Final summary from GovTrack
Coronavirus Aid, Relief, and Economic Security Act
Enacted on March 27th, this is the most consequential of the new laws passed. It’s a $2 trillion bill that includes: immediate direct payments to individuals; new and expanded pandemic unemployment insurance benefits; $500 billion for the Federal Reserve to lend and help backstop larger businesses, states, and municipalities; a $349 billion SBA program of forgivable loans and enhancements to existing SBA disaster loans; a temporary moratorium on evictions and forbearance of loan payments on multi-family properties with federally-backed loans; miscellaneous individual and business tax provisions; and another $340 billion in emergency funding – mostly targeted to states – for COVID-19 response, including:
- $8.8 billion in child nutrition programs;
- $15.1 billion to further support new SNAP benefits and flexibility;
- Another $450 in emergency food assistance, including for food banks;
- $1.32 billion for community health centers (and an extension of their mandatory spending through November);
- $3.5 billion for the Child Care Development Block Grant;
- $750 million for Head Start providers;
- $955 million for the Administration of Community Living (seniors and people with disabilities);
- $13.5 billion to states for K-12 education;
- $5 billion for Community Development Block Grants;
- $4 billion for Homeless Emergency Solutions Grants;
- $1.25 billion for Tenant-Based Rental Assistance/Housing Choice Vouchers;
- $1 billion for Project-Based Rental Assistance; and
- Smaller amounts for supportive housing, behavioral health and substance abuse, and even state arts agencies.
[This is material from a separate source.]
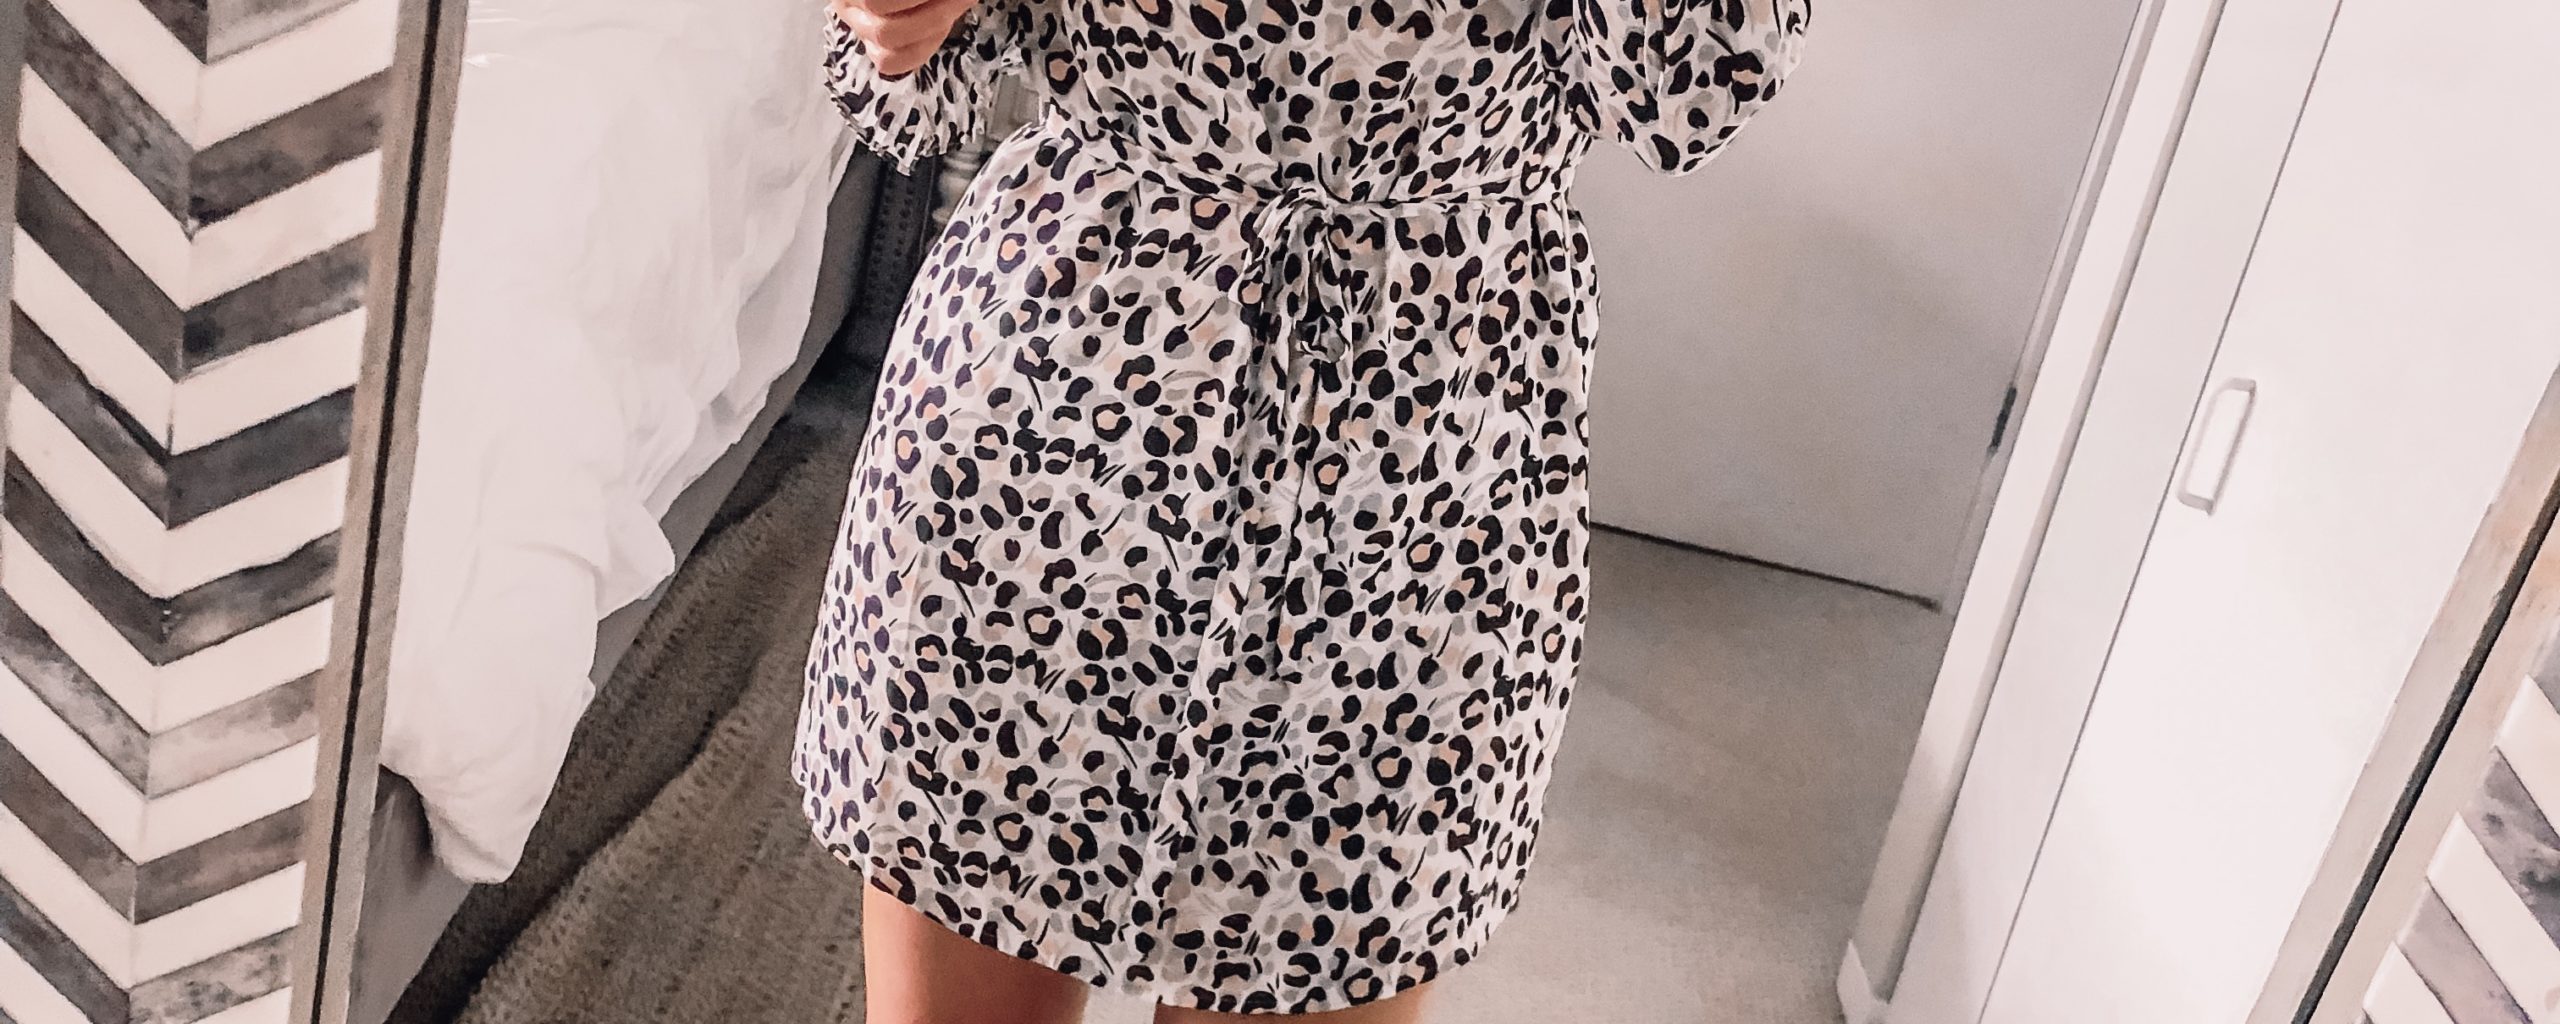 OOTD 8.15.19: Leopard Print Dress

This may sound like a lot of funding – and it is. But few believe that even this unprecedented amount of emergency spending will begin to cover the costs associated with the fallout from COVID-19. Instead, these new funds are primarily intended to provide surge funding to help with the immediate response to the COVID-19 health emergency or to help stem the sudden loss of revenue and potential liquidity crunch faced by state and local governments, businesses, and nonprofits due to the stay-at-home orders and other social distancing efforts now in force across most of the country to reduce the spread of this dangerous new disease.